In LMR samples, we found other mutational signatures such as SBS18, possibly due to DNA damage by reactive oxygen species in two tumor samples (T9 and T15), SBS4, due to tobacco smoke carcinogens in three tumor samples, and SBS8, possibly due to defective homologous recombination repair in a tumor sample from a female ESCC patient (Fig. 2b).

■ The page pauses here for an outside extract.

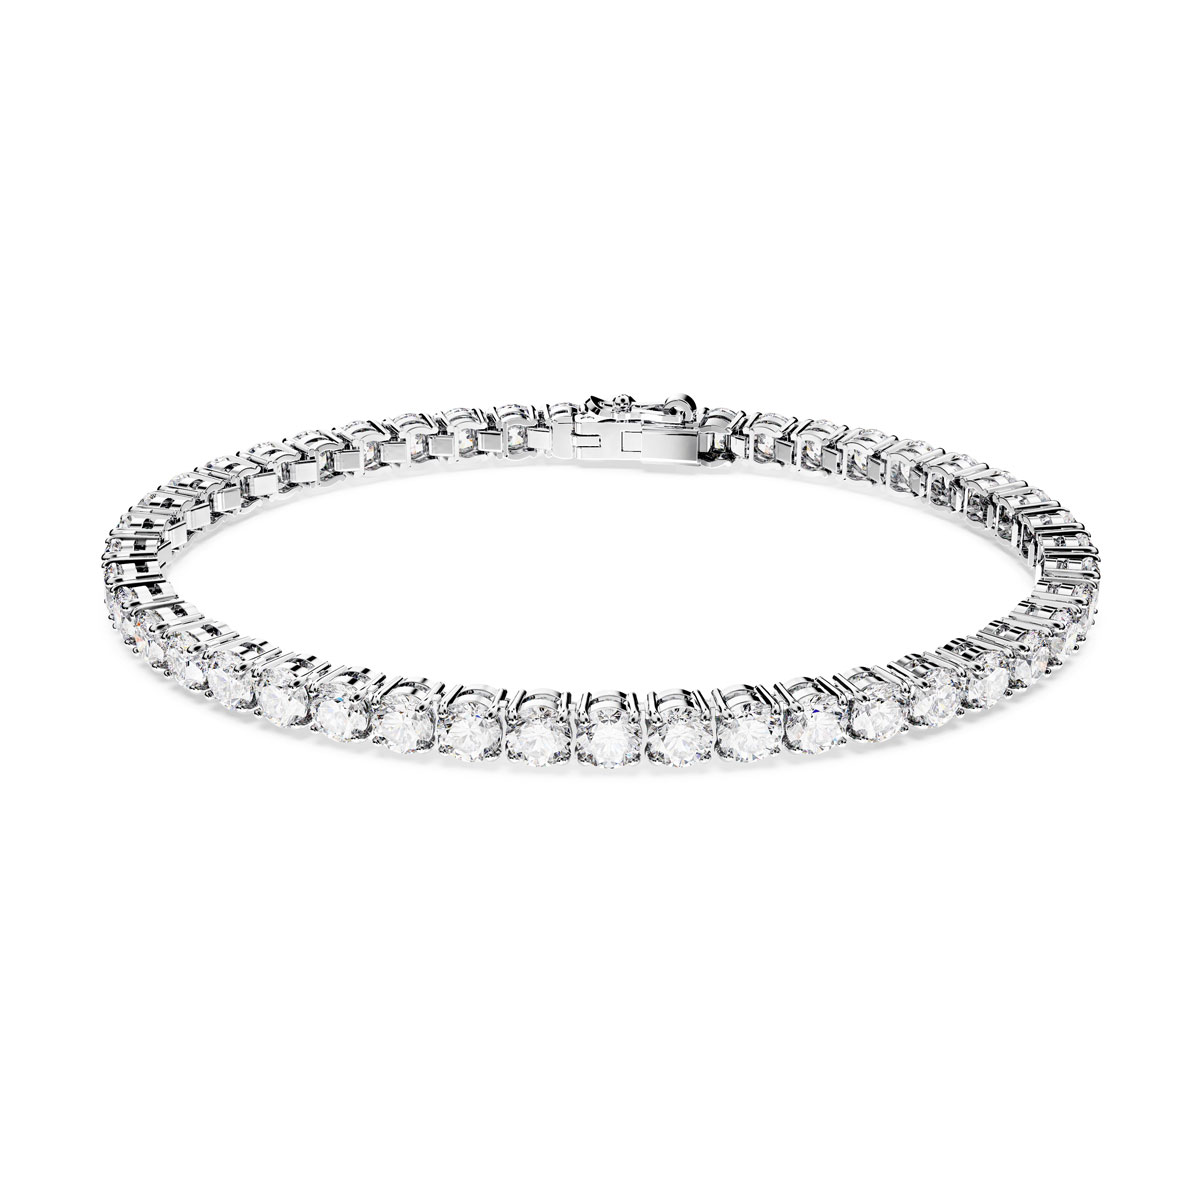 Swarovski Jewelry White Crystal and Rhodium Matrix Tennis Bracelet, Small

SCNAs in AA ESCC genomic regions encode cancer-related genes

Our prior CGH analysis on 17 AA ESCC tumors revealed a preponderance of gains and losses in multiple chromosomal regions suggesting the involvement of a plethora of SCNAs17. In the present study, we evaluated SCNAs in an orthogonal panel of tumor samples from mostly late-stage AA patients with ESCC. Multiple regions of copy number gain and loss were observed in seven samples: T1, T5, T6, T9, T14, T16, and T19 (Fig. 3a and Supplementary Fig. S2). These SCNA-rich samples displayed on an average of 62 (ranging from 46 to 90) different chromosomal regions. Tumor samples (T1, T7, T8, and T15) with fewer copy number aberrations showed on average 15 SCNAs (ranging from 5 to 25), presenting fewer copy number aberrations. Sample T5 and T9 had a moderate number of SCNAs (Fig. 3a).

Figure 3
figure 3

SCNAs in AA ESCC genomic regions encode cancer-related genes. (a) SCNA region profiles by 1 MB were visualized using CNApp. Dark blue represents homozygous deletion (copy number 0), white represents diploid (copy number 2), red represents copy number gains (the darkest red is copy number 8). (b) SCNA region frequency plot shows the percentage of samples with gains (red), losses (blue), and no alteration (gray) across chromosomes. Arrows represent the regions that also found in the 17 AA ESCC cohort analysis. (c) Plot shows the hierarchical clustering for samples correlation by Pearson correlation. Pearson r correlation coefficient r = 1 is yellow, r =  − 1 dark navy color.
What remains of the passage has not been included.